WORK TASK: Set the listing down again in full, word for word, with the pictures left out.

GIVEN DATA:
>>>
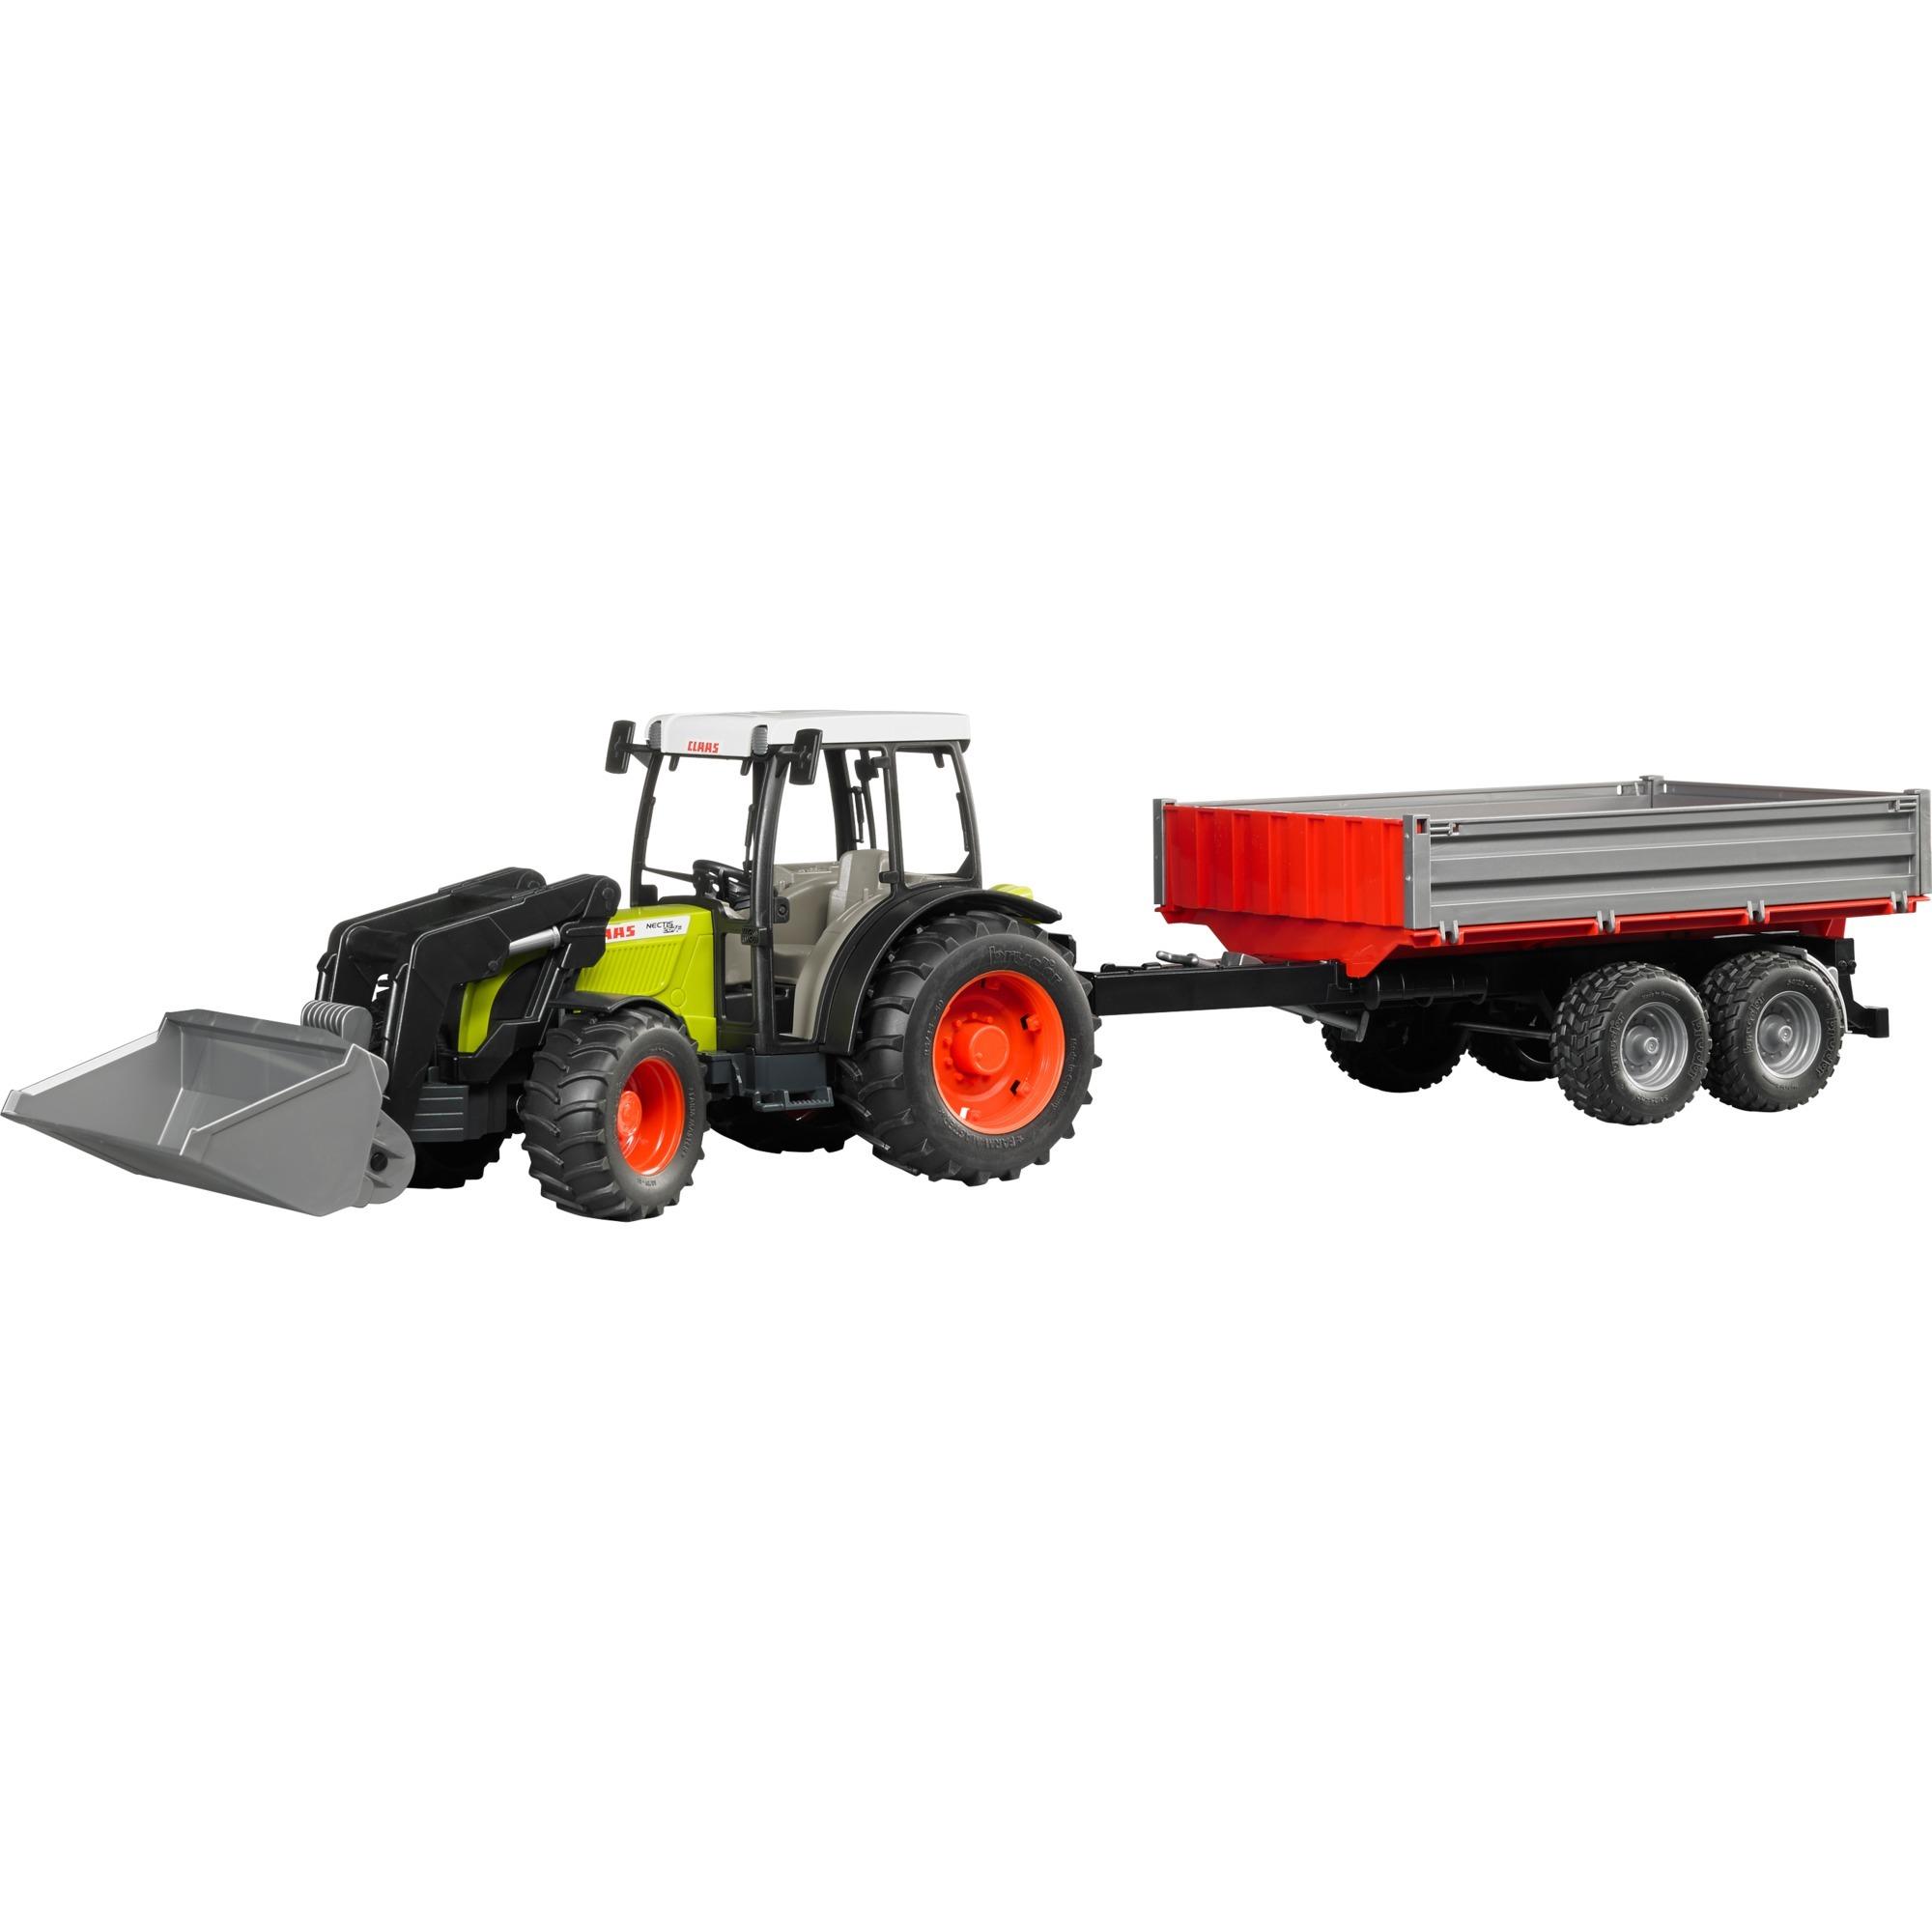 02112 ABS sintéticos vehículo de juguete, Automóvil de construcción
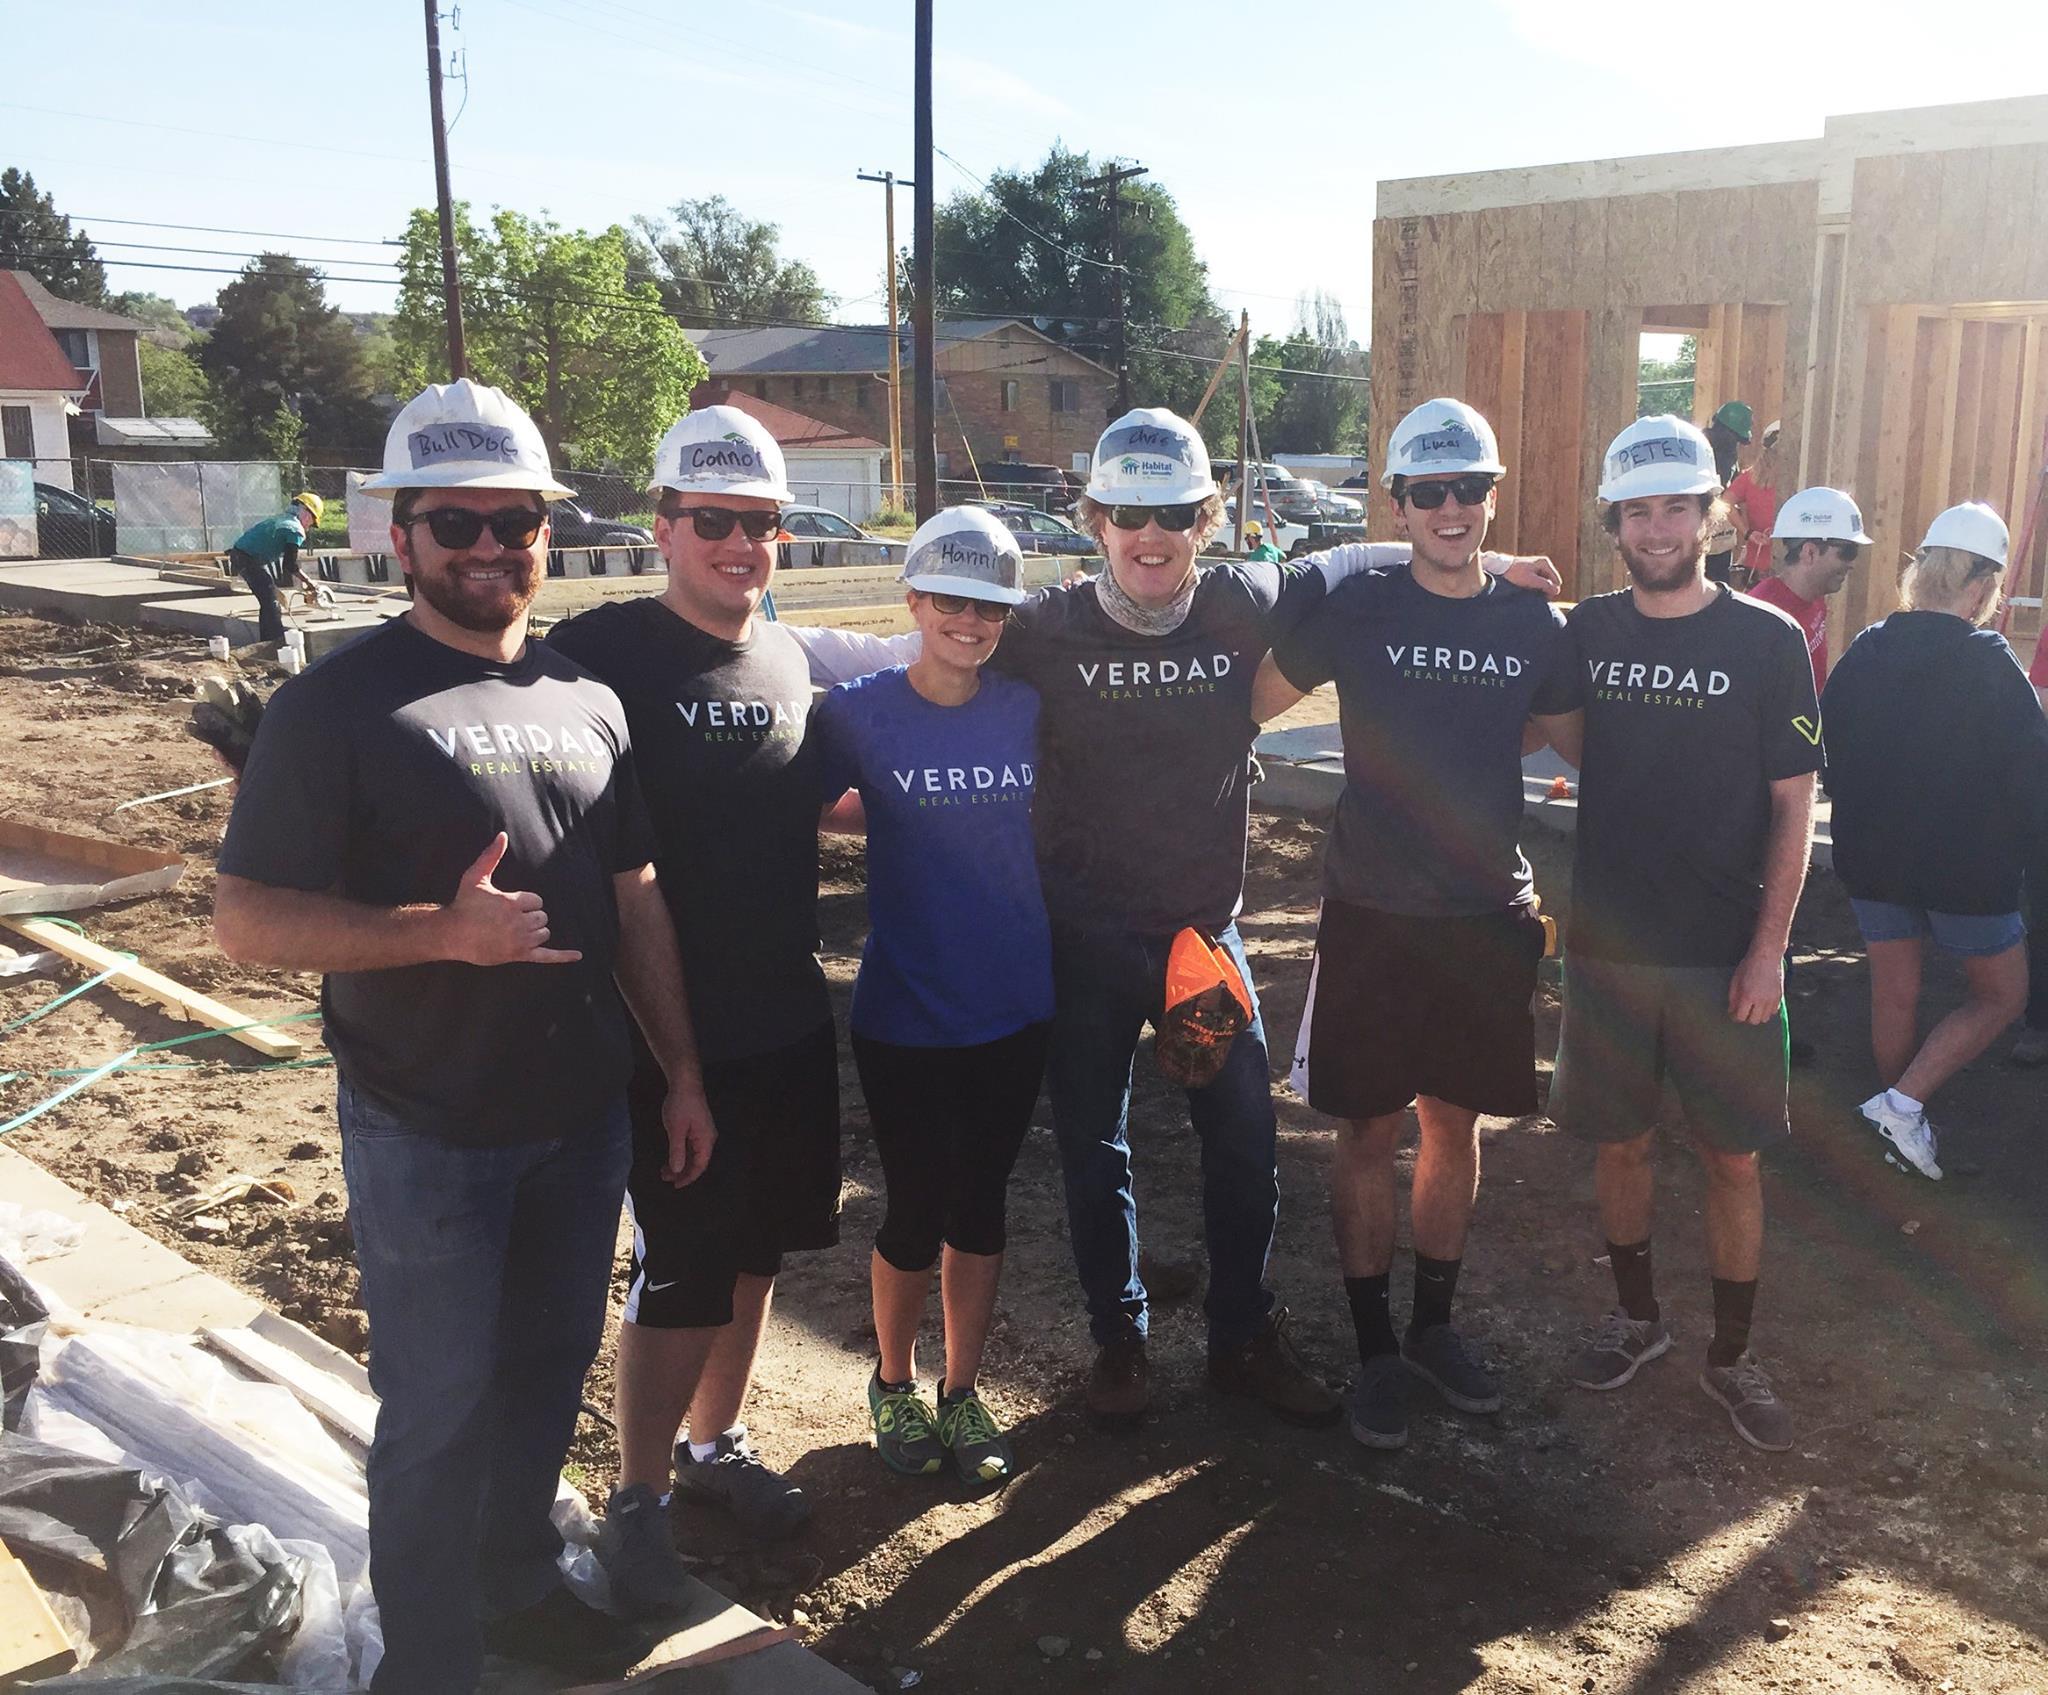 Habitat for Humanity - Verdad Denver - GiveBack
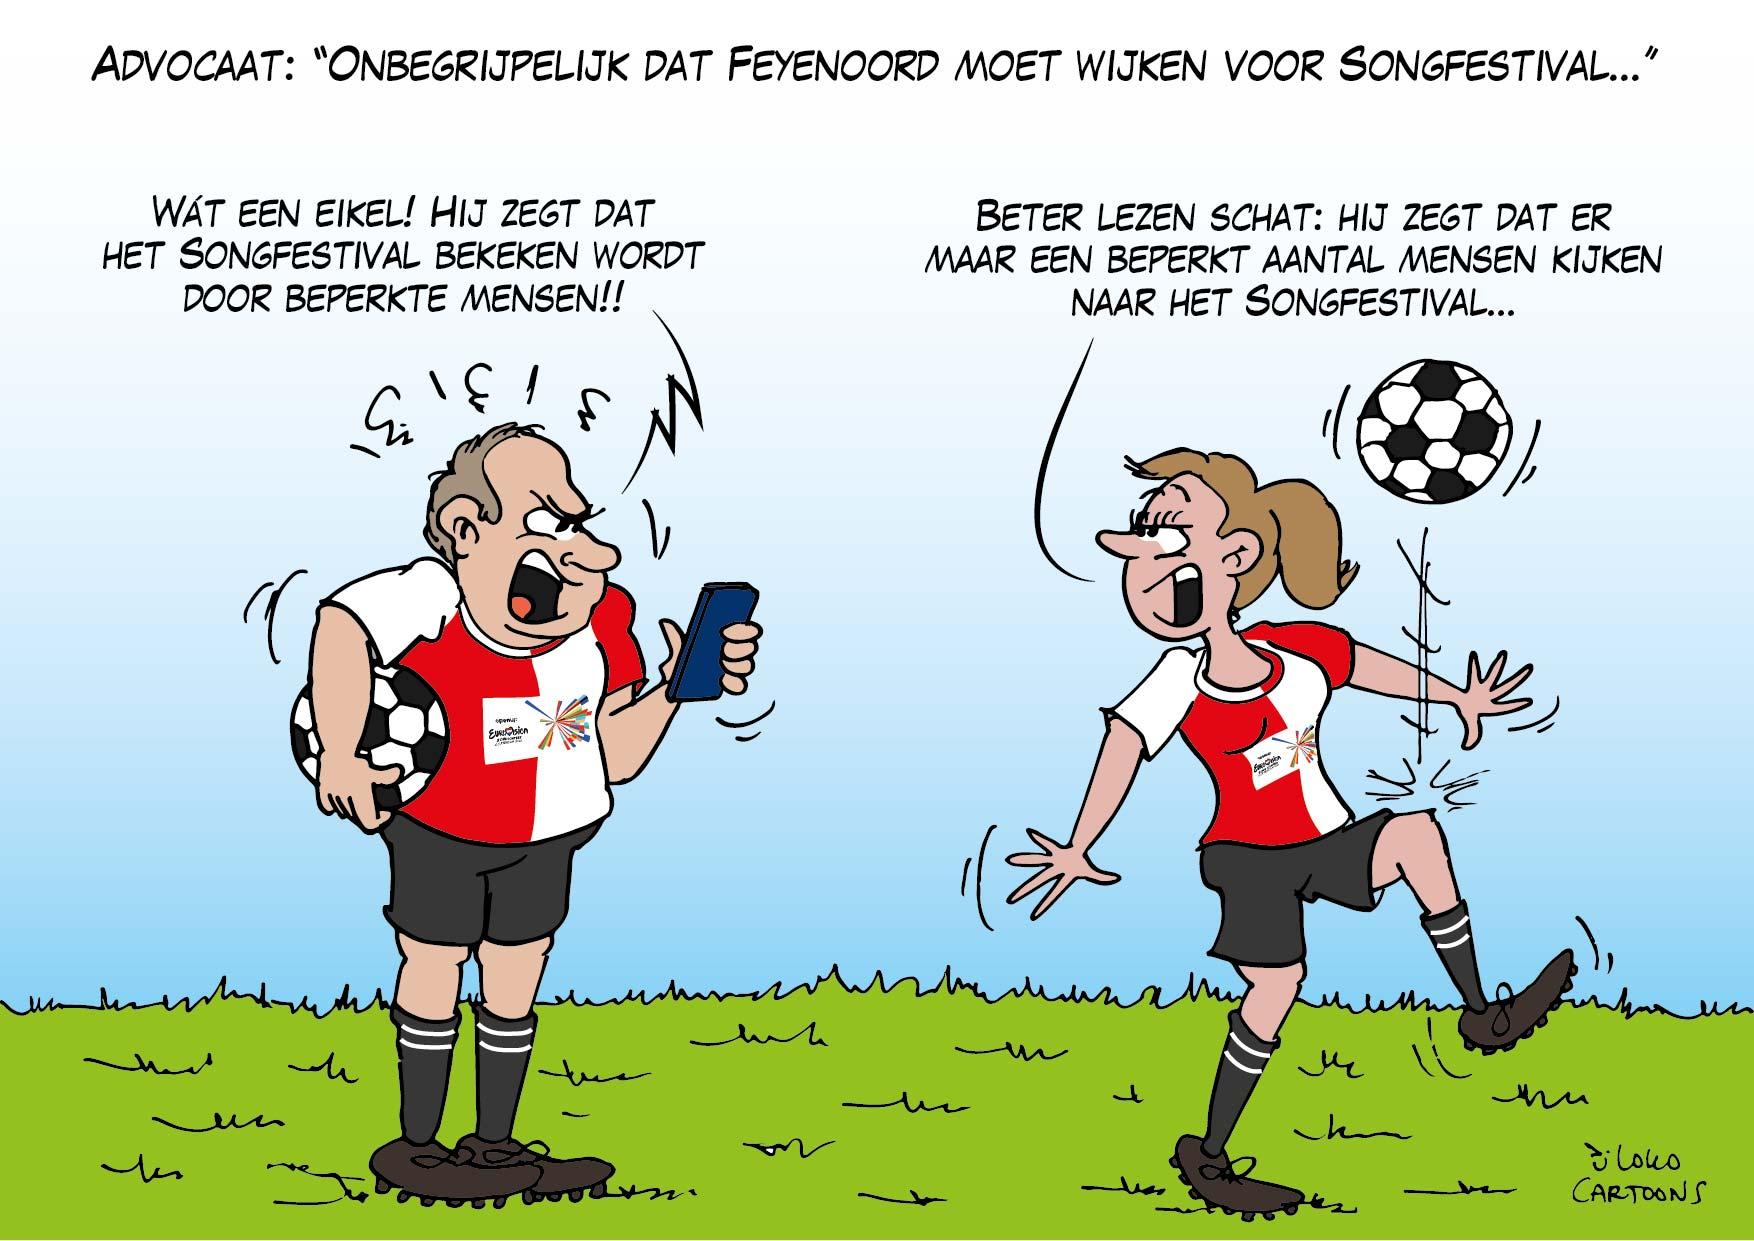 """Advocaat: """"Onbegrijpelijk dat Feyenoord moet wijken voor Songfestival""""…"""
<<<
SOLUTION:
 02112 ABS sintéticos vehículo de juguete, Automóvil de construcción
 Habitat for Humanity - Verdad Denver - GiveBack
 """Advocaat: """"Onbegrijpelijk dat Feyenoord moet wijken voor Songfestival""""…"""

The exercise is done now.